Alièmi, l’urlo del quartiere #Settestoriedimemoria_07
Lo potevi sentire di pomeriggio, nelle lunghe giornate d’estate; all’ora in cui il sole non era più così alto da bruciarti la pelle e il caldo appiccicoso lasciava spazio ai primi refoli. Si alzava lunghissimo; cadenzato nelle vocali. La “è” pareva non finisse mai. Arrivava a tutti nel quartiere. Impossibile sfuggirgli: era Alièmi, l’urlo.
Ci sono codici verbali o gestuali che sopravvivono alle generazioni. A volte li ritrovi in luoghi lontanissimi dal tuo e ti chiedi come abbiano fatto a spostarsi o chi ne sia stato il messaggero.
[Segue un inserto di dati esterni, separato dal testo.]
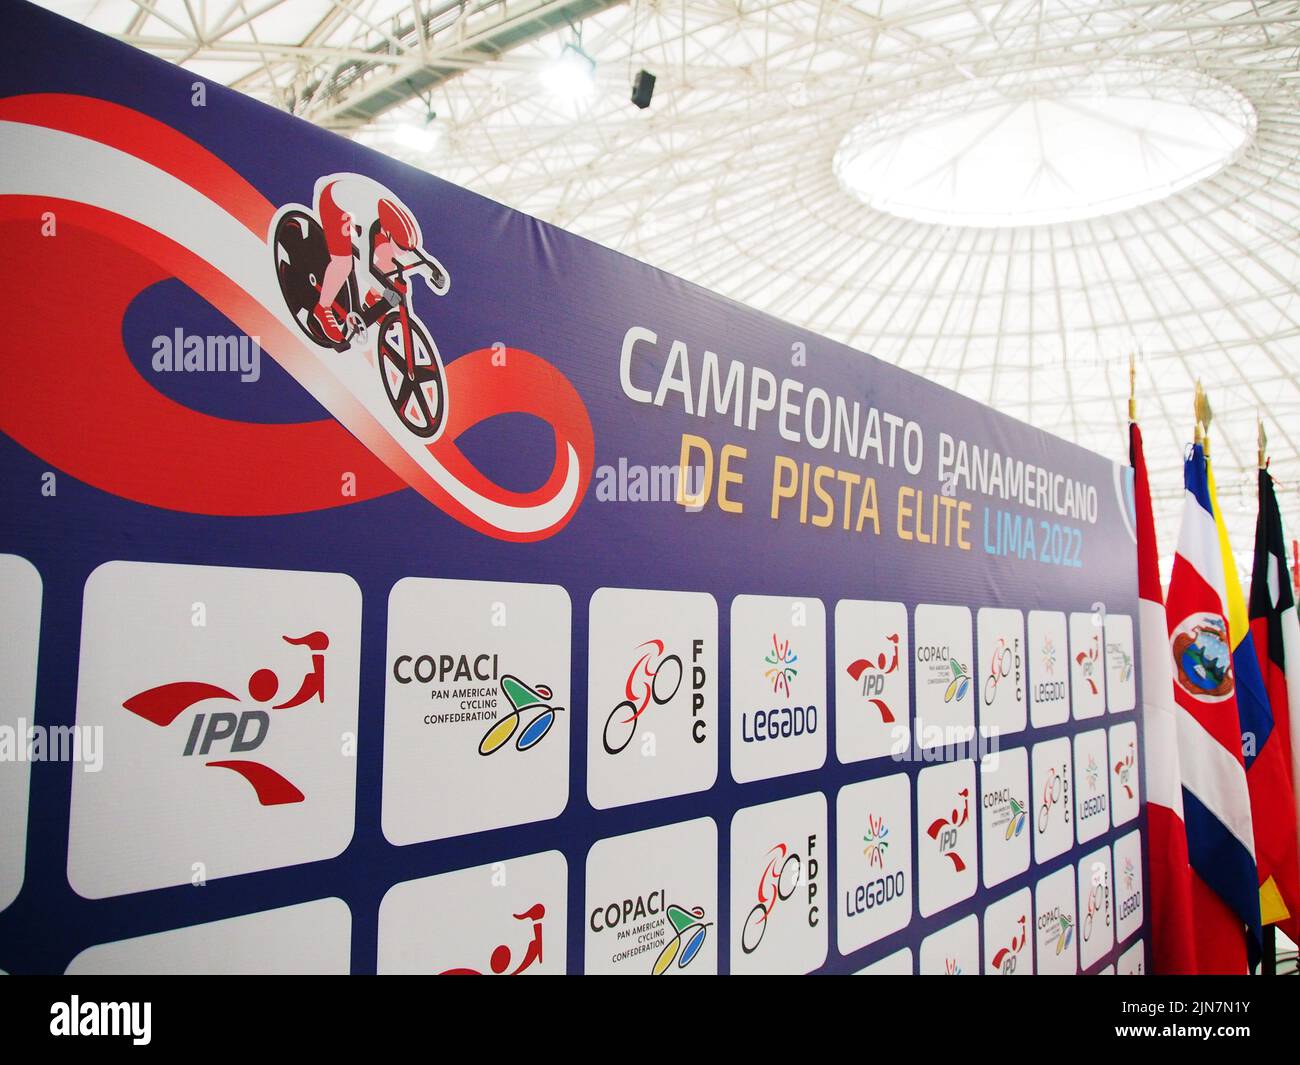 Banner of the Pan American Games at the press conference for the

Altri, invece, che muoiono con l’ultima persona che li ha usati, solo perché quell’ultimo è cresciuto, è diventato grande.
Esistono parole senza inventore, che dai per scontate solo perché tutti le stanno usando. Le parole che anche tu utilizzerai per appartenere al gruppo, per non essere l’escluso della comunità. Non ti chiederai chi diavolo le abbia mai tirate fuori per primo, né da dove. È la cosa meno importante. Esistono. Punto.
Alièmi era un codice, un urlo ripetuto più volte con voce da banniàta; era una sirena, lo sparo dello starter alla partenza di una gara. Era l’inizio. Quando si sentiva, nella nostra parte di quartiere tutti sapevano che stava per cominciare un gioco ben preciso. Solo molti anni dopo, da cresciutello, capii che giocare ad Alièmi era – per tutto il resto del mondo – né più e né meno che l’equivalente di Guardie e Ladri.
Casa-base era la prigione, posta alle palazzine nuove nel campo di bocce, una pertinenza residuale tra due condomini che non conduceva a nulla se non al cancello secondario di una casa unifamiliare scampata alle costruzioni. Al campo di bocce, in ogni caso, non c’erano le bocce, ma si giocava a ‘cciappe, i pezzi di marmo che venivano lanciati per conquistare il pallino con le figurine dei calciatori sotto.
La formazione delle squadre era il momento cruciale. Due capitani sceglievano a turno gli altri dopo il tocco. Chi lo vinceva, prendeva sempre – dieci volte su dieci – Pippo P.. Bisogna precisare che Pippo P. era valutato doppio rispetto agli altri, tanto era forte, perciò il secondo ne poteva avere poi due, di diritto. Per il resto, invece, lisci fino all’ultimo, uno via l’altro, ovviamente dal più valido al più scarso.
Pippo P. era magrissimo ed era bravo non solo ad alièmi, ma anche a calcio, perciò veniva scelto sempre per primo e quando per un motivo qualsiasi non c’era, la comunità si smarriva. Riuniva due doti: il tocco di palla e la velocità. Sapeva fintare e scartare l’avversario. Praticamente immarcabile e imprendibile.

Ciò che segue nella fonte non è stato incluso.